PROBLEM STATEMENT:
Skipping any pictures, repeat exactly and only the lines from the one that holds "ハイテック ACバランス充・放電器 X1 PocketⅡ【レターパック可】" to the last line of the material, both included.

INFORMATION SHOWN:
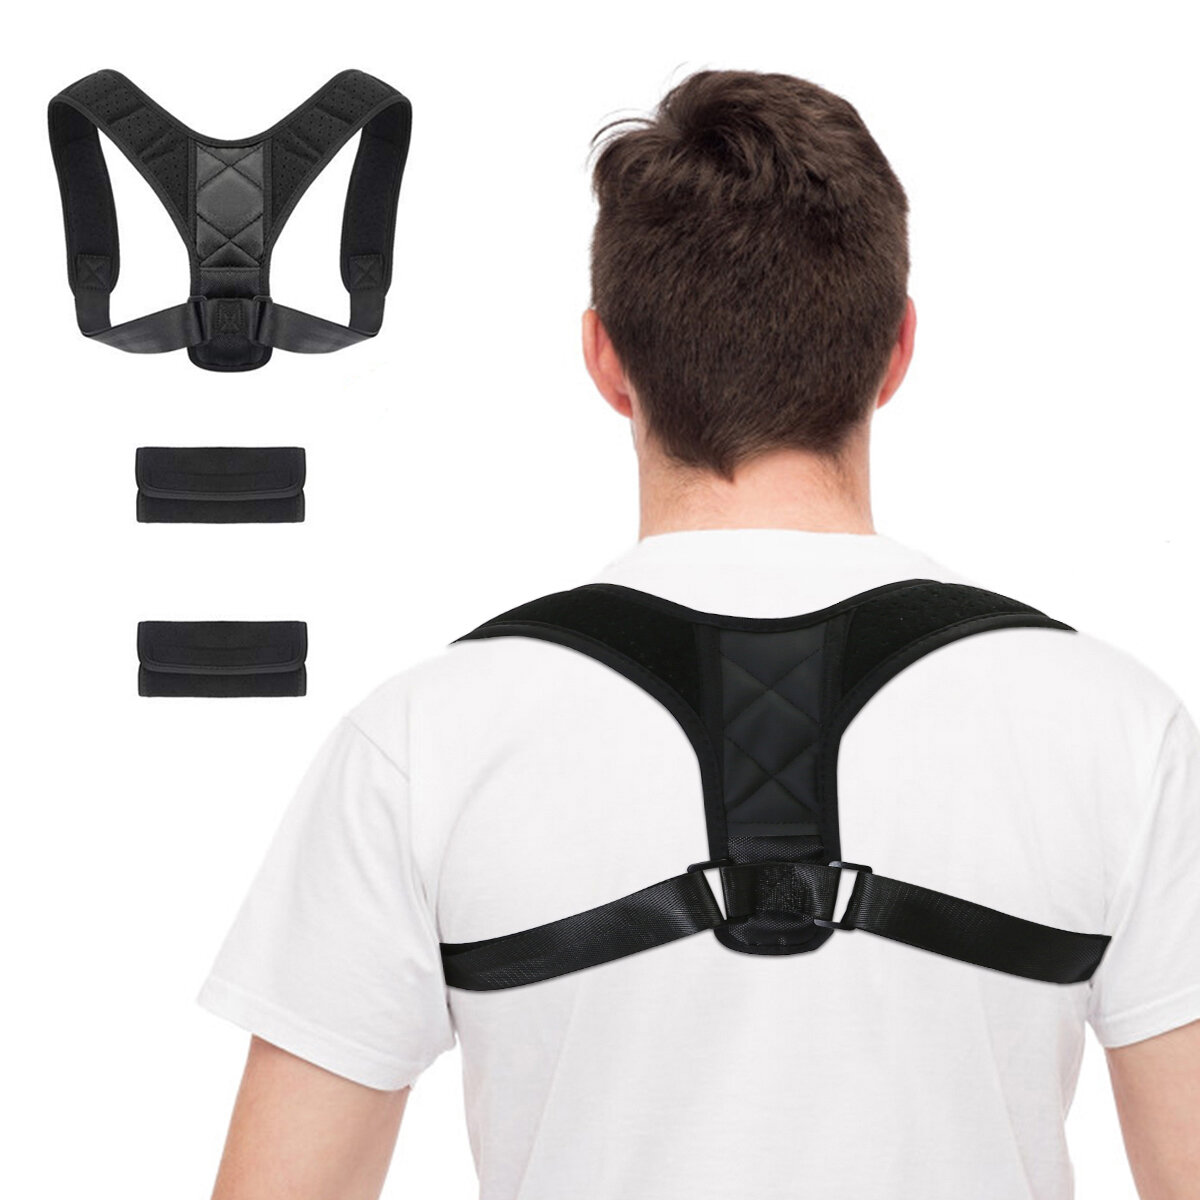 Brace Support Belt Adjustable Back Posture Corrector Clavicle Spine Back Shoulder Lumbar Posture Correction Sport Fitnes
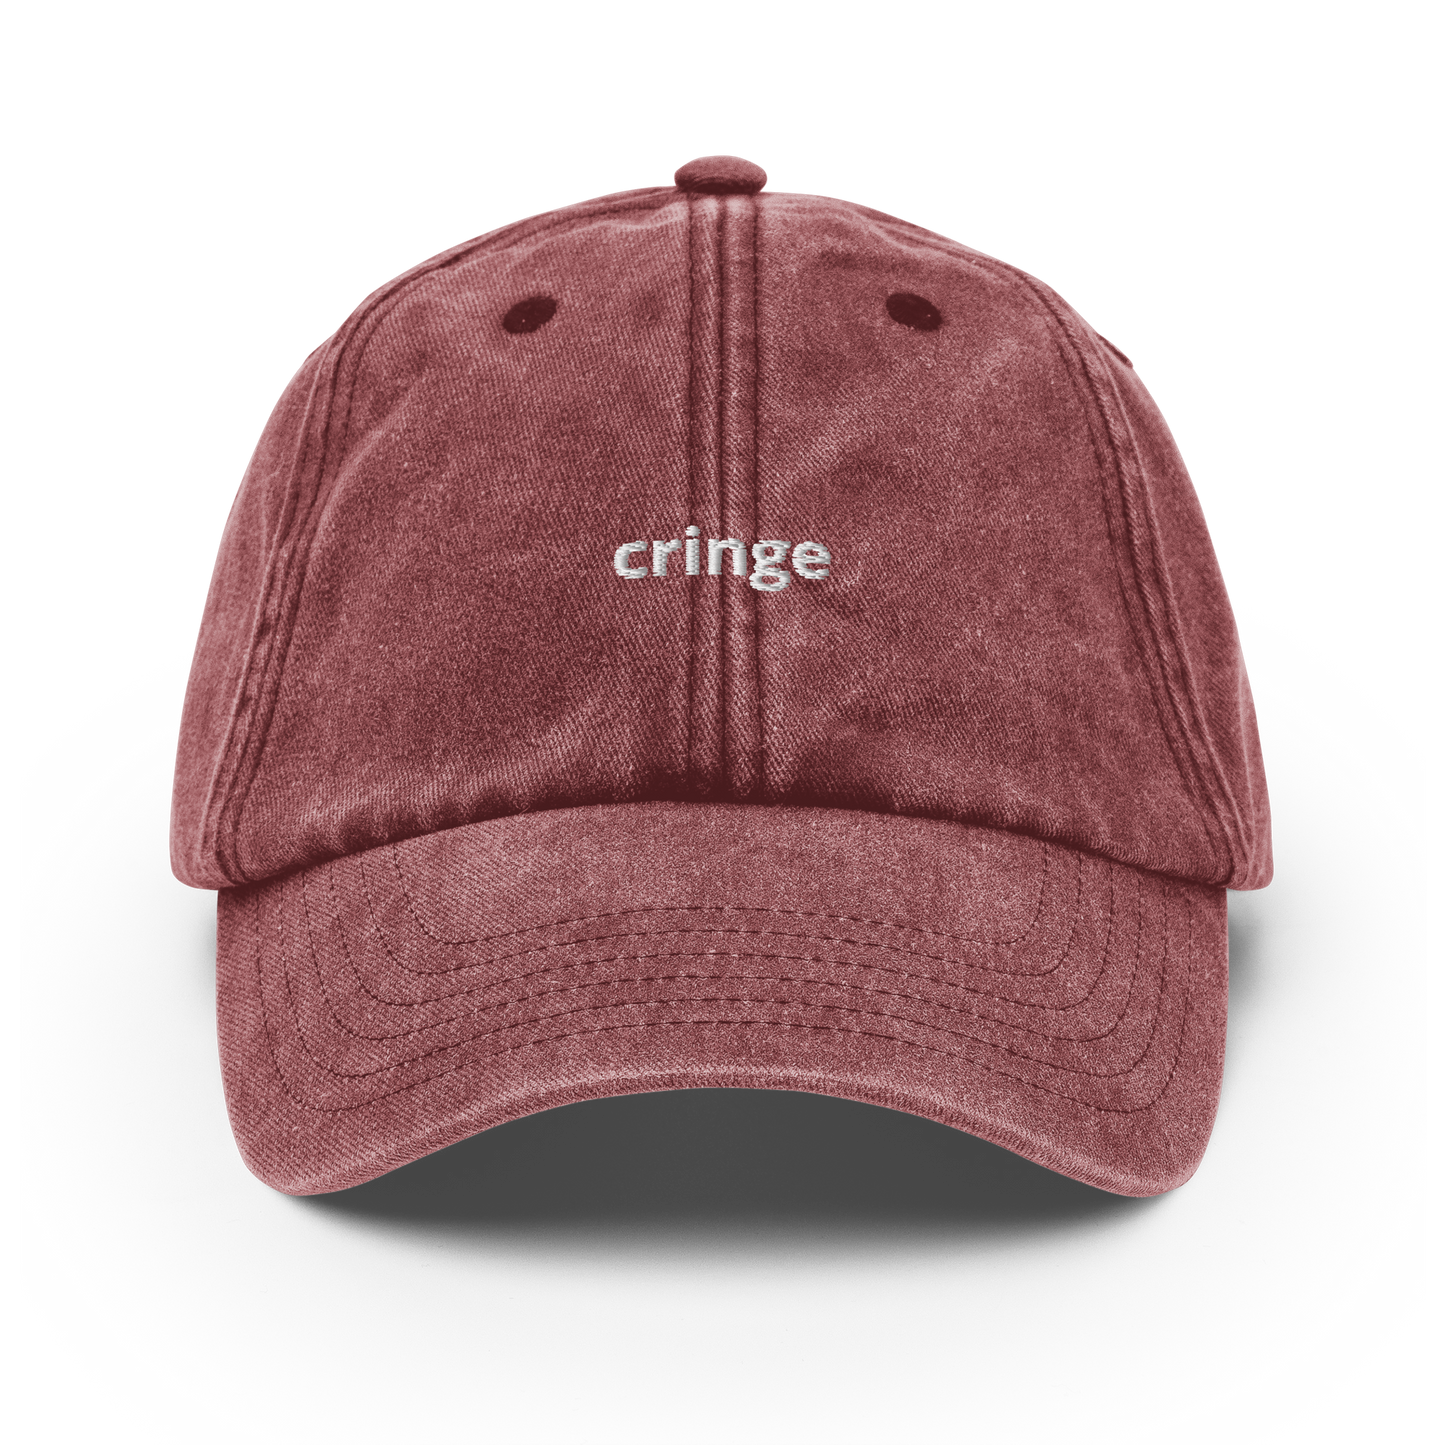 Cringe - Vintage Hat
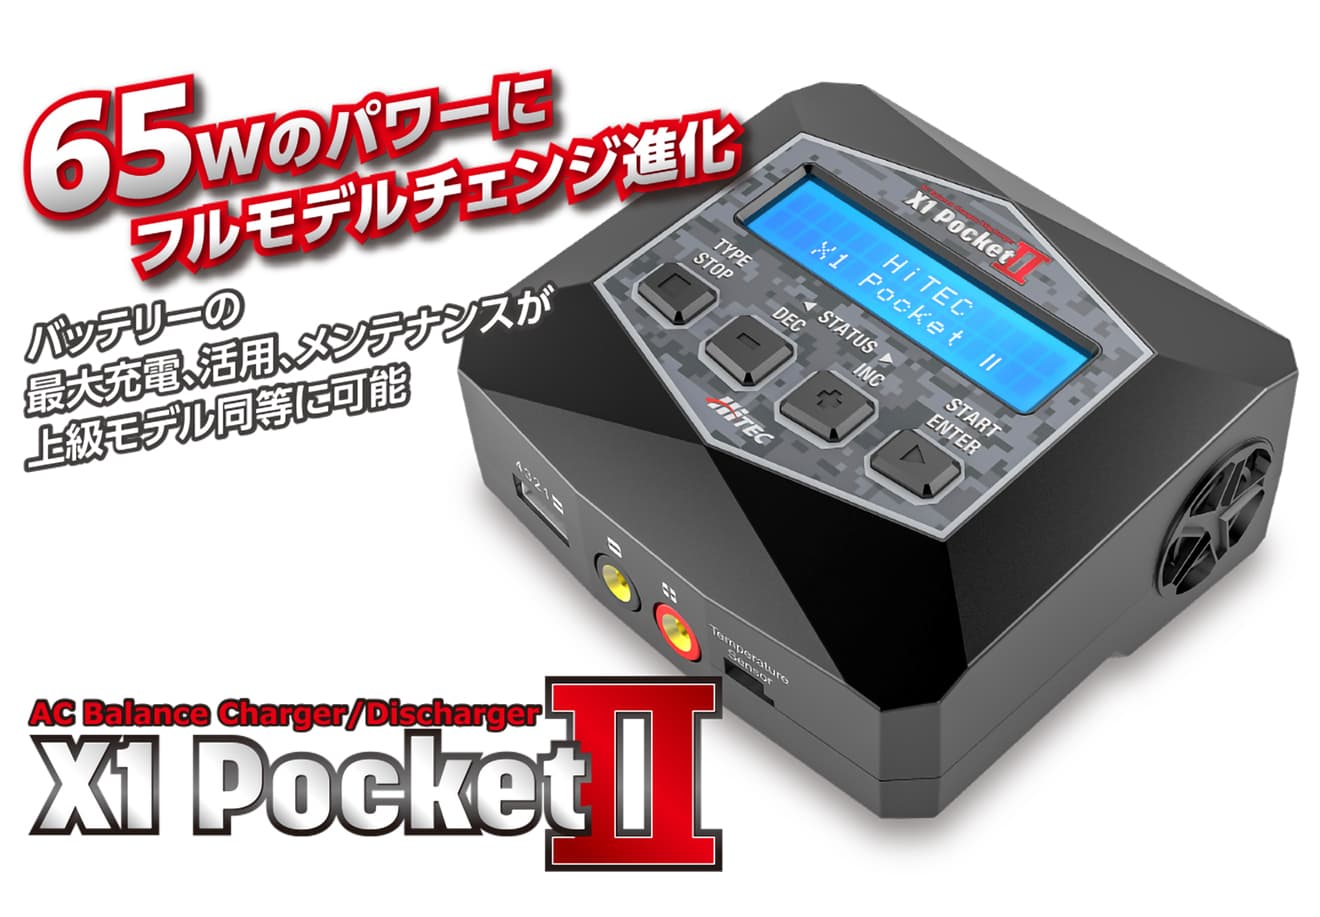 ハイテック ACバランス充・放電器 X1 PocketⅡ【レターパック可】
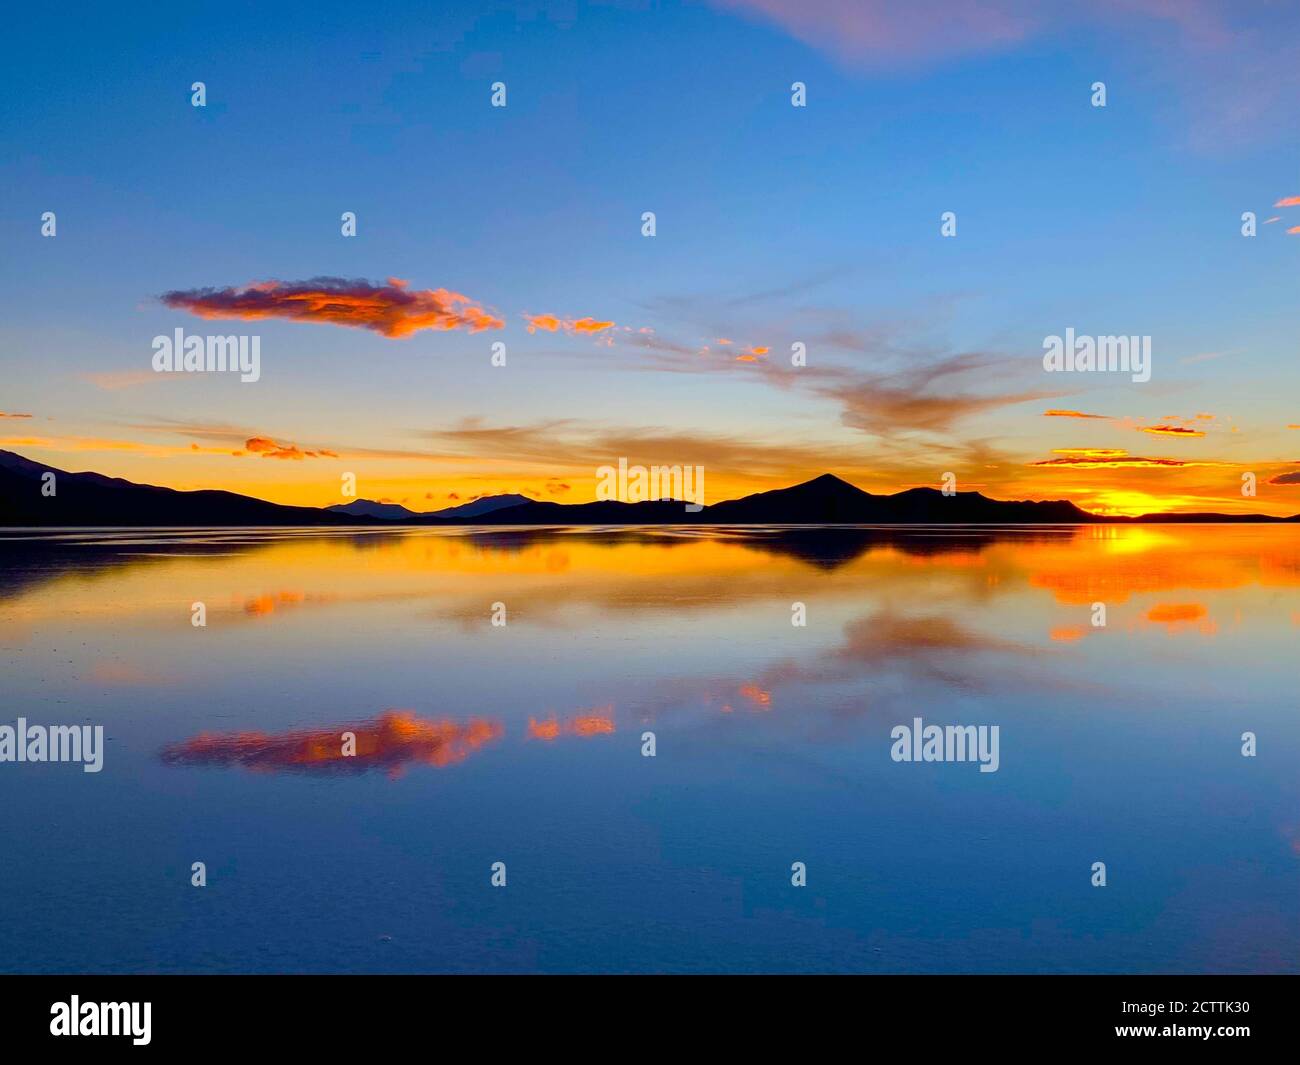 Spektakuläre Sonnenuntergangsspiegelung im Salzwasser. Dramatischer Sonnenuntergang. Wüstensee Salar de Uyuni. Farbiger Himmel. Wunderschöne Sonnenuntergänge in den bolivianischen Anden Stockfoto

WRITTEN SOLUTION:
 ハイテック ACバランス充・放電器 X1 PocketⅡ【レターパック可】
 Spektakuläre Sonnenuntergangsspiegelung im Salzwasser. Dramatischer Sonnenuntergang. Wüstensee Salar de Uyuni. Farbiger Himmel. Wunderschöne Sonnenuntergänge in den bolivianischen Anden Stockfoto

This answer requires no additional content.